**ASSIGNMENT**: Transcribe exactly, leaving out pictures, the lines from the one that holds "A pic of a room" through the end of the data below, including both end lines and no others.

**DATA BLOCK**:
+ + + + +
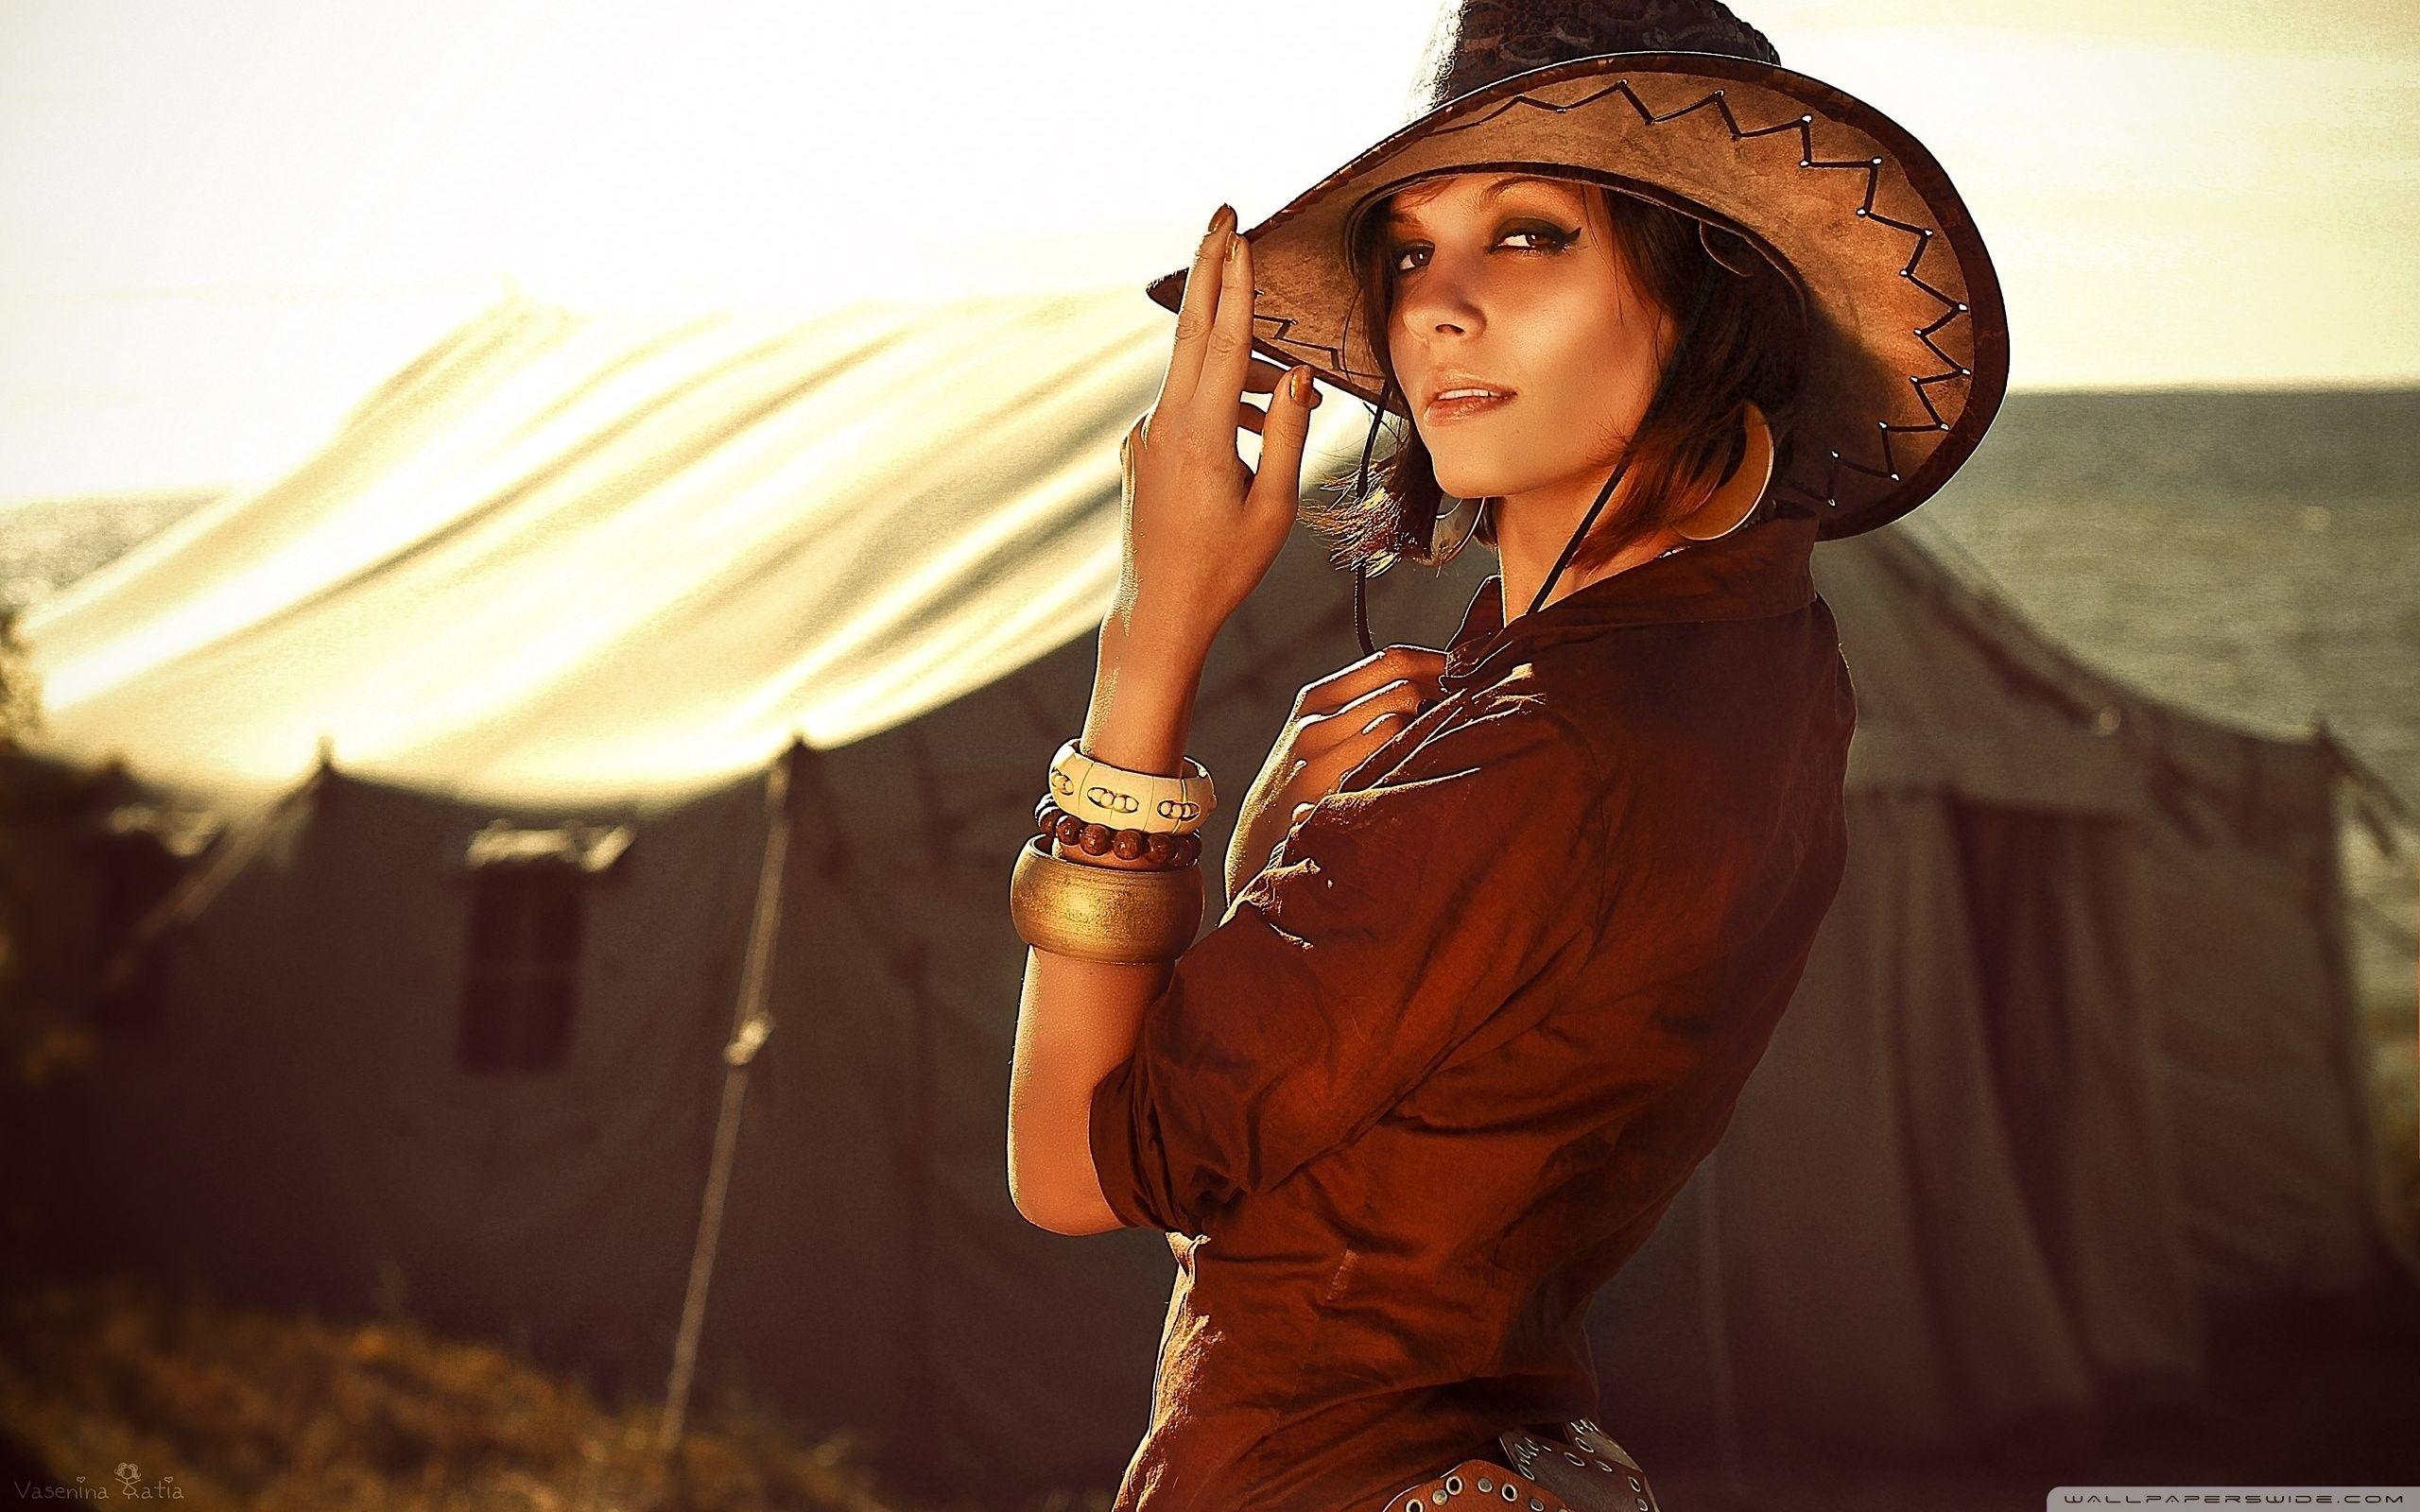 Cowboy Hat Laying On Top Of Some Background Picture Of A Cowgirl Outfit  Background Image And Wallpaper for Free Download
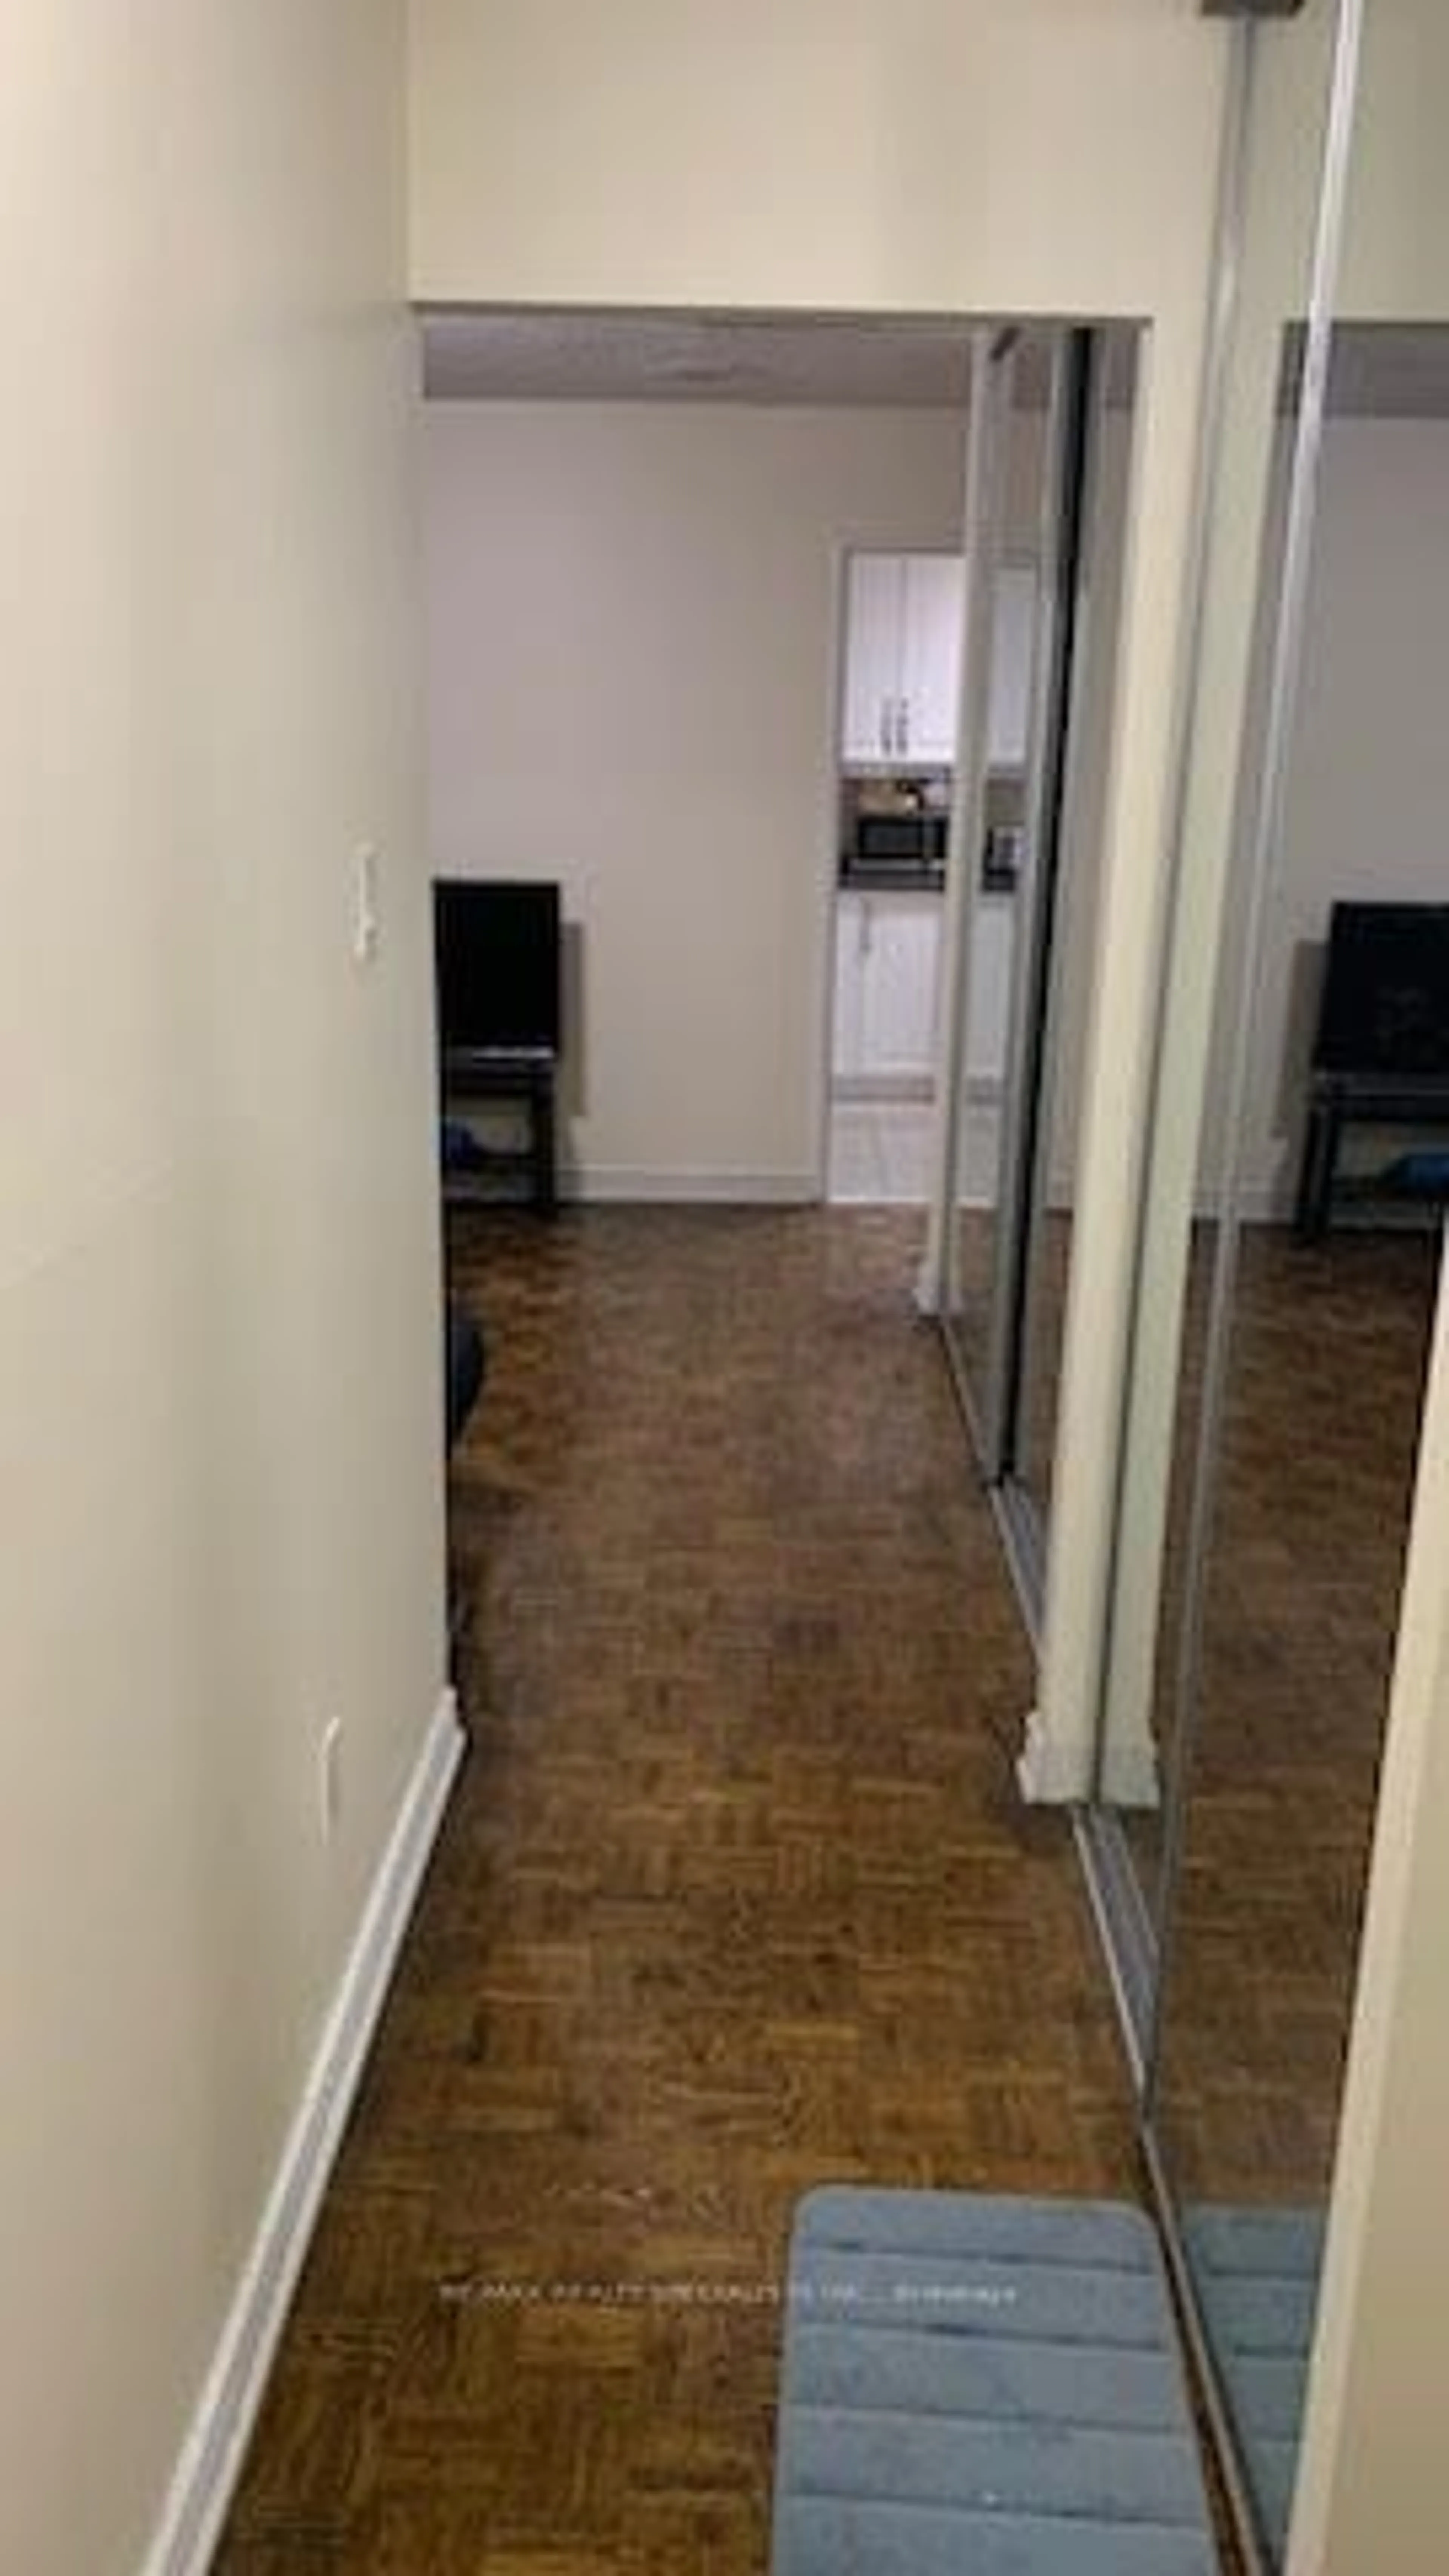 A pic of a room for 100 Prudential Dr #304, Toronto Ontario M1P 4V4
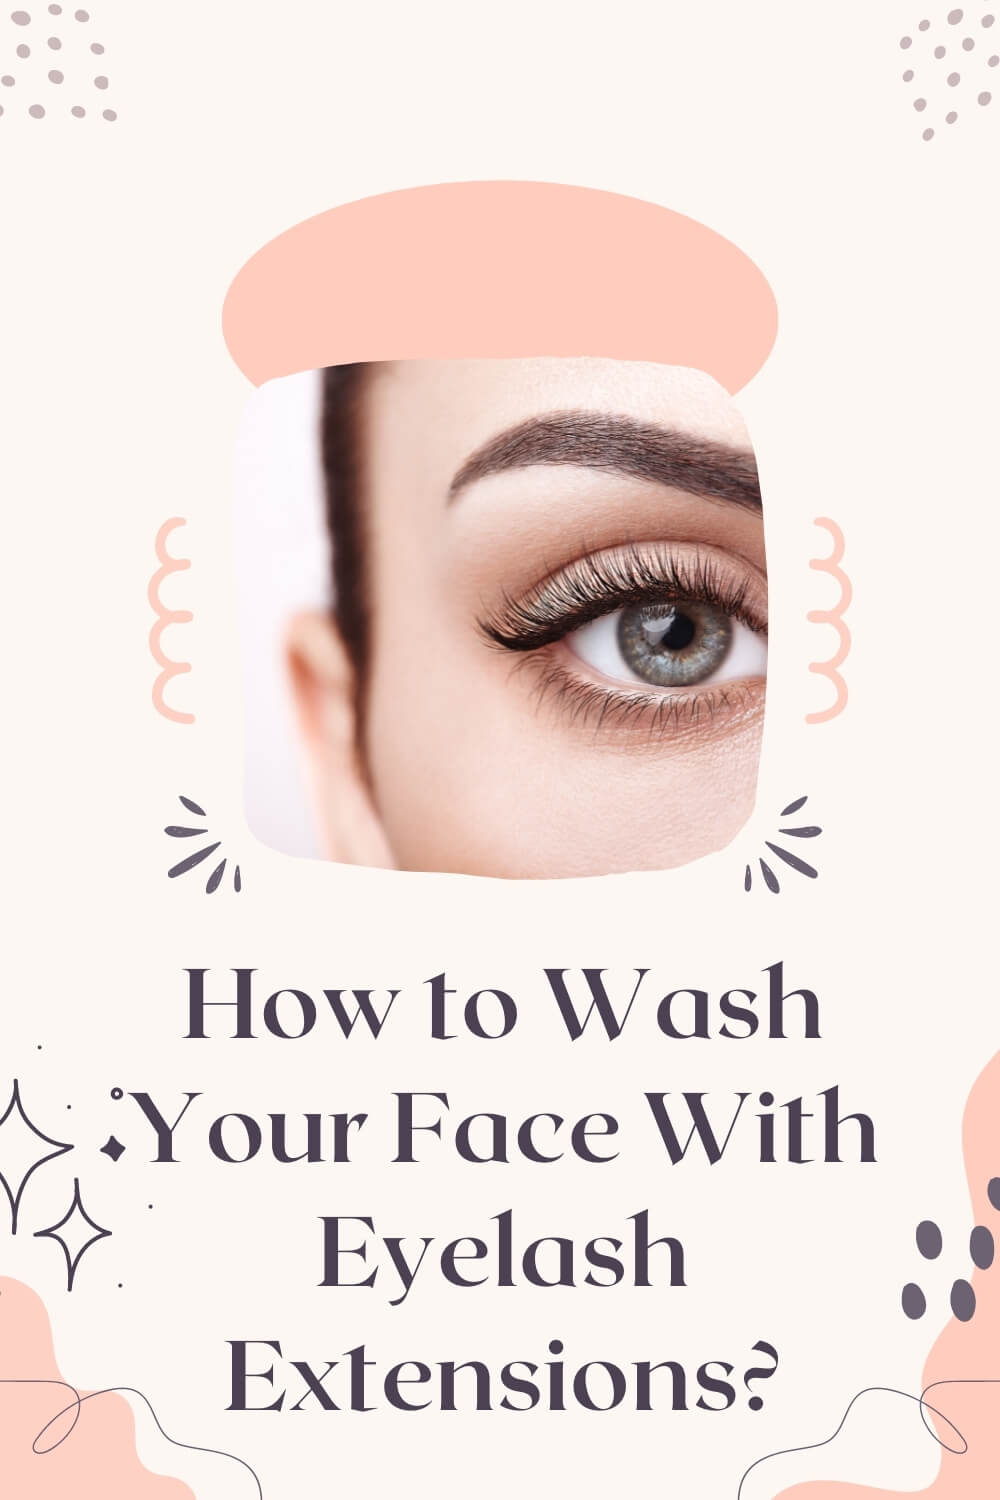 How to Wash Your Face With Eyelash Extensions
+ + + + +
**EXERCISE RESULT**:
 A pic of a room for 100 Prudential Dr #304, Toronto Ontario M1P 4V4
 How to Wash Your Face With Eyelash Extensions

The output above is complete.